Either way, I'm not certain that splitting ranges based on disk size is such a
great idea. As a follow on ticket it might be sensible to permit two category
of disks: archive for slow and cold data, and live disks for faster data.
Splitting by capacity seems likely to create undesirable performance
characteristics, as two similarly performant disks with different capacities
would lead to worse performance for the data residing on the larger disks.
On the whole I'm +1 this change anyway, the more I think about it.
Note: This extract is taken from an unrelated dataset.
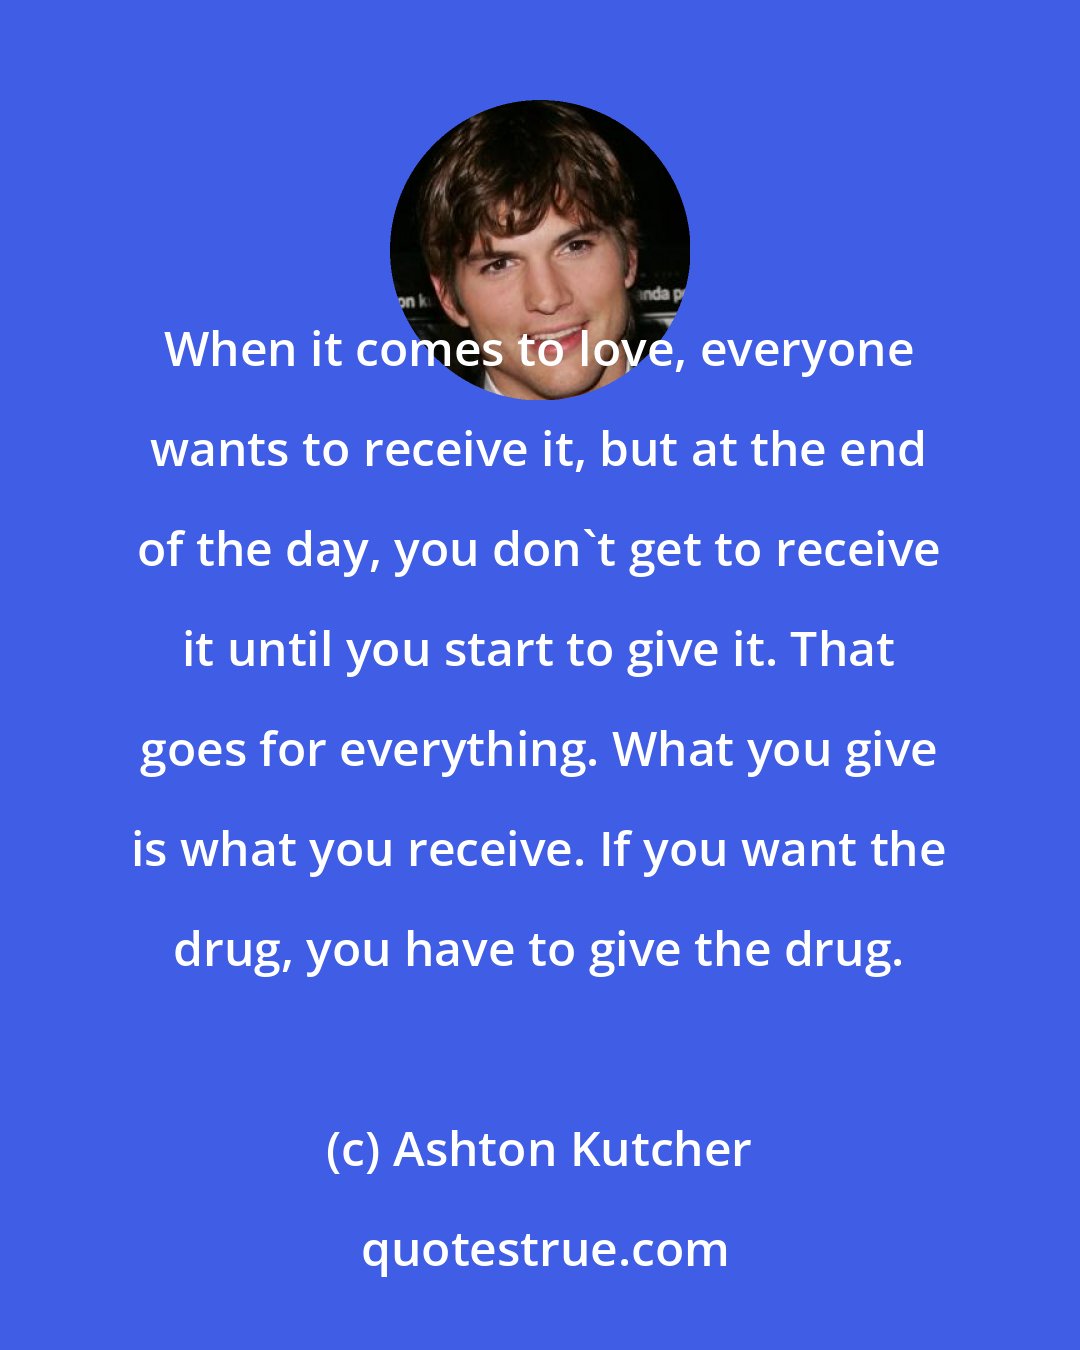 Ashton Kutcher: When it comes to love, everyone wants to receive it, but at the end of the day, you don't get to receive it until you start to give it. That goes for everything. What you give is what you receive. If you want the drug, you have to give the drug.

I had been
vaguely considering something along these lines to optimise flush performance,
but it seems we can get this for free along with improving correctness, which
is great.
> Drive replacement in JBOD can cause data to reappear.
> ------------------------------------------------------
>
> Key: CASSANDRA-6696
> URL: https://issues.apache.org/jira/browse/CASSANDRA-6696
> Project: Cassandra
> Issue Type: Improvement
> Components: Core
> Reporter: sankalp kohli
> Assignee: Marcus Eriksson
> Fix For: 3.0
>
>
> In JBOD, when someone gets a bad drive, the bad drive is replaced with a new
> empty one and repair is run.
> This can cause deleted data to come back in some cases. Also this is true for
> corrupt stables in which we delete the corrupt stable and run repair.
> Here is an example:
> Say we have 3 nodes A,B and C and RF=3 and GC grace=10days.
> row=sankalp col=sankalp is written 20 days back and successfully went to all
> three nodes.
> Then a delete/tombstone was written successfully for the same row column 15
> days back.
> Since this tombstone is more than gc grace, it got compacted in Nodes A and B
> since it got compacted with the actual data. So there is no trace of this row
> column in node A and B.
> Now in node C, say the original data is in drive1 and tombstone is in drive2.
> Compaction has not yet reclaimed the data and tombstone.
> Drive2 becomes corrupt and was replaced with new empty drive.
> Due to the replacement, the tombstone in now gone and row=sankalp col=sankalp
> has come back to life.
> Now after replacing the drive we run repair. This data will be propagated to
> all nodes.
> Note: This is still a problem even if we run repair every gc grace.